After firing, we returned to the camp for more lectures, and were told we'd now be busing to a different base, where we'd actually catch our flight into Iraq. Once again, we underwent the drill of packing, dragging, lugging, and finally forming a fire bucket brigade to get our obese duffel bags into our new home at Camp Ali Al Saleem. Here the accommodations were anything but cavernous; our bunk beds touched, and as a group we had to decide the best direction to sleep to avoid shoving our reeking feet under the nose of the guy in the next bunk.

Buehring was an amusement park compared to Al Saleem; there wasn't much to do except wait in an endless line for a fifteen-minute Internet slot or a quick phone call to home. Even the thrill of some fast food from the Golden Arches, nicknamed “McArab's” because of its Arabic signage, didn't last more than a few happy meals. But our boredom had one saving grace; we finally had the time to get to know each other a little better.

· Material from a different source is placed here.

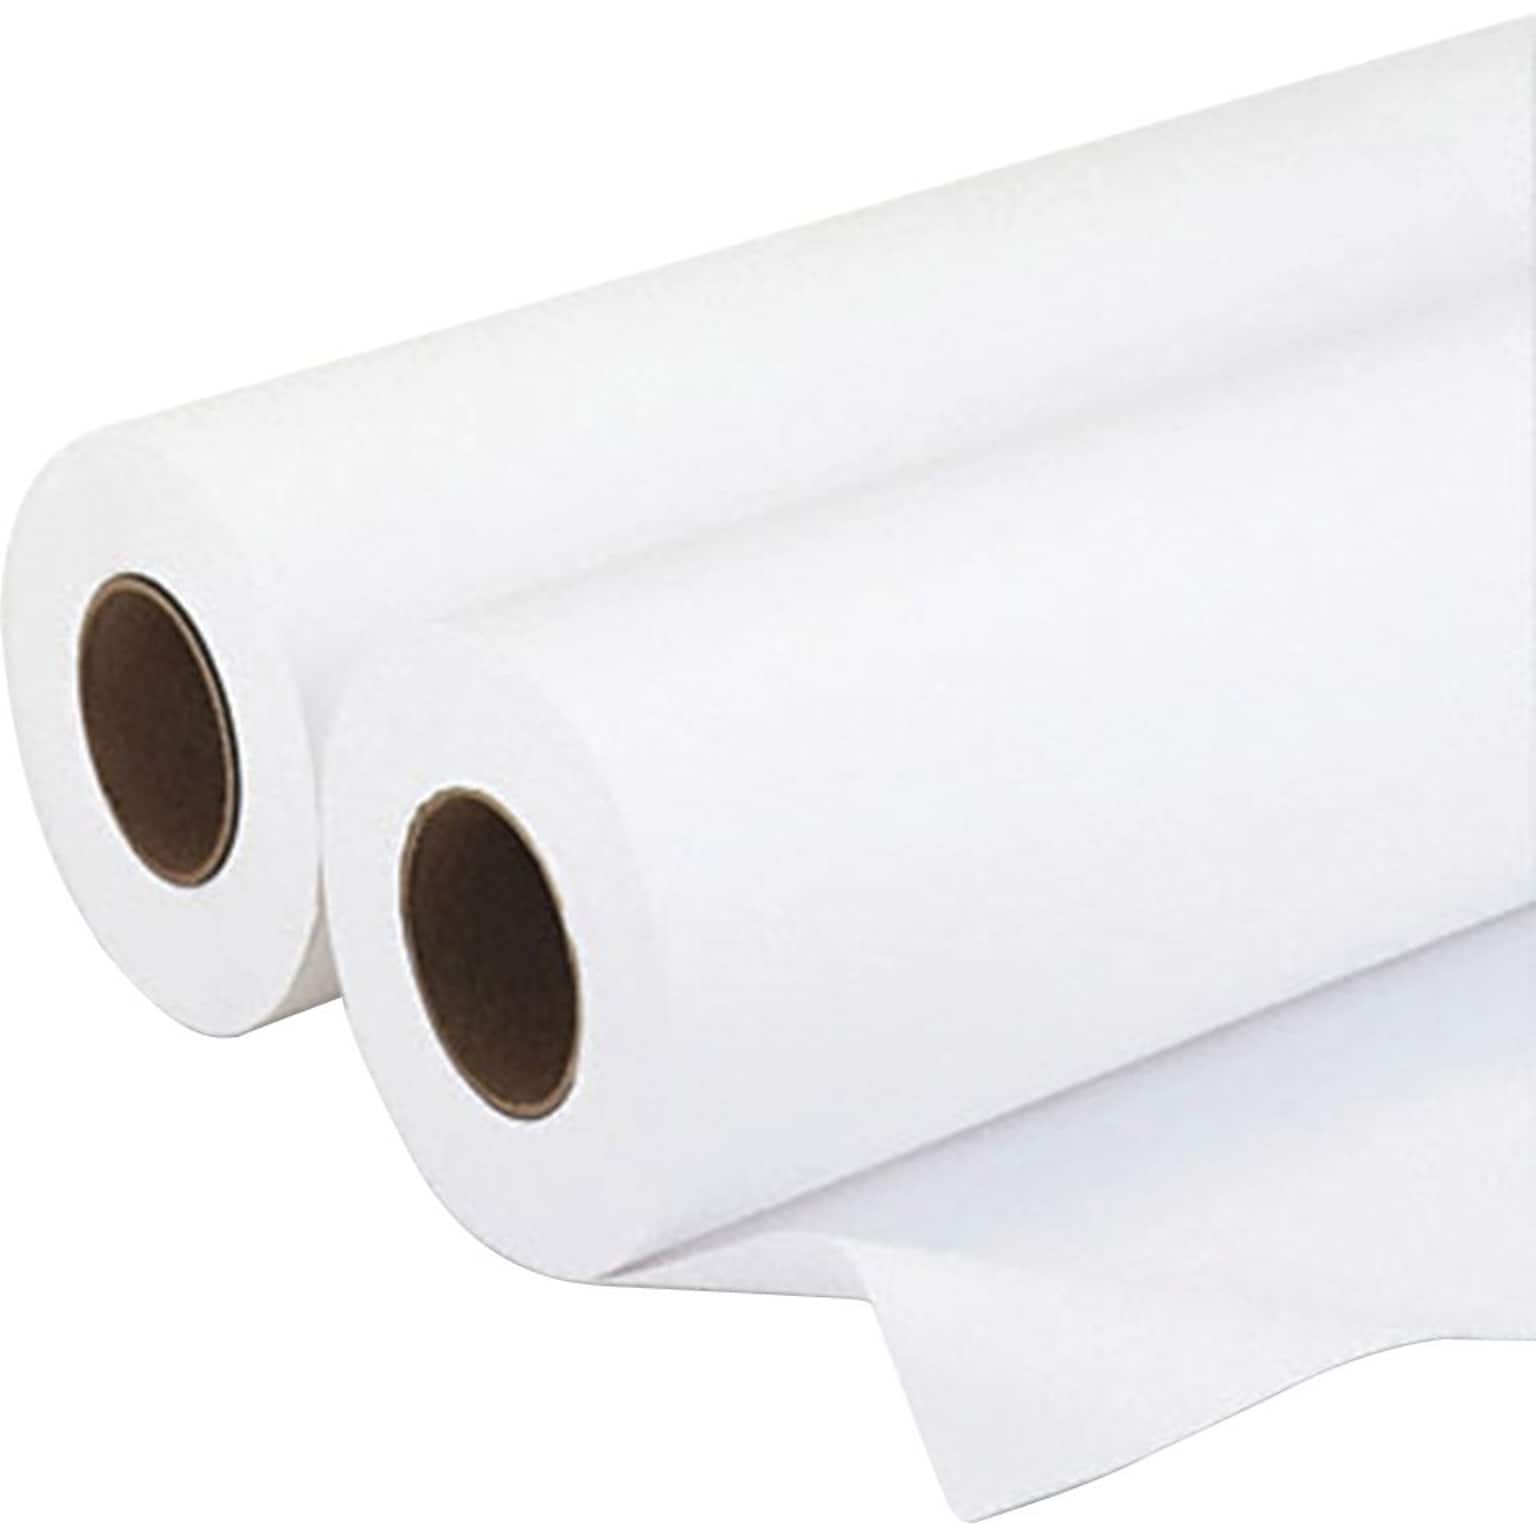 Alliance Table Paper, 40 lb. Bleached White Paper, 24 x 1000, 1 Roll

My buddy since day one on the bus at Benning was the fifty-four-year-old clean-shaven, disciplined conformist from a rural and conservative part of Oklahoma. Rick Reutlinger's uniform always looked sharp, he had perfected a snappy salute, and was always respectful of his superiors. In other words, everything I was not. But a long summer together would give me a chance to corrupt him.

Bernard Harrison was a handsome, debonair heart surgeon from Minneapolis. He even had a slick pencil-thin mustache that added an
air of suave. Prim and proper, the name “Bernard” fit him perfectly, which made it a slam dunk to christen him “Harry” instead. He was forty-nine, single, and had the chiseled body of a stud twenty years younger. The women would love him when we got to Tikrit.

Our third surgeon was thirty-five-year-old Ian Nunnally, the youngest of the group. Known as “Little Buddha,” Ian had served as an enlisted soldier more than a decade before, so he knew his way around the military. Fresh from residency, Ian was quiet as we started our journey and we hoped he'd loosen up over time. We didn't know if it was worry over the war, us, or something else.

Our bone man was a square-jawed forty-four-year-old orthopedist named Bill Stanton from Fort Pierce, Florida. “Wild Bill” was regular Army for years and had served in places like Kosovo before leaving the military and going into private practice. He rejoined after 9/11 and asked to be sent to the war. Bill was a graduate of West Point and wore the huge ring of the military academy. He had the easy look of someone's older brother; I felt like I'd known him for years.

Mike Barron, the family doctor from St. Louis, was slated to work with me in the ER. Mike was an infantry officer in the Marines, then performed an abrupt about-face leaving the Corps and going off to medical school. He was on the faculty of the St. Louis University School of Medicine and now hoped to go out and medically minister to the Iraqi civilian population as well as our own wounded.

We couldn't quite get a handle on our other ER doc, Gerry Maloney. In the real world, Gerry was a thirty-eight-year-old toxicologist who was smart as hell and
loved
the Army. Or at least loved the
idea
of the Army and its unique language. A conversation with Gerry usually consisted of mil-language with a touch of reality sprinkled in.

When Rick and I would run into Gerry, we'd ask, “What's shaking, babe?”

“Zulu.”

“What the hell is Zulu?”

“Zulu. Zero. Nothing. C'mon, guys, it's SOP to know the lingo.
You'll need it once those air jockeys get us in country.”

Despite the heavy doses of “Maloney baloney,” we loved Gerry and decided the best way to handle him would be to adopt him as our group mascot. “Gerry, you are an Alpha Sierra Sierra, but you're our Alpha Sierra Sierra.”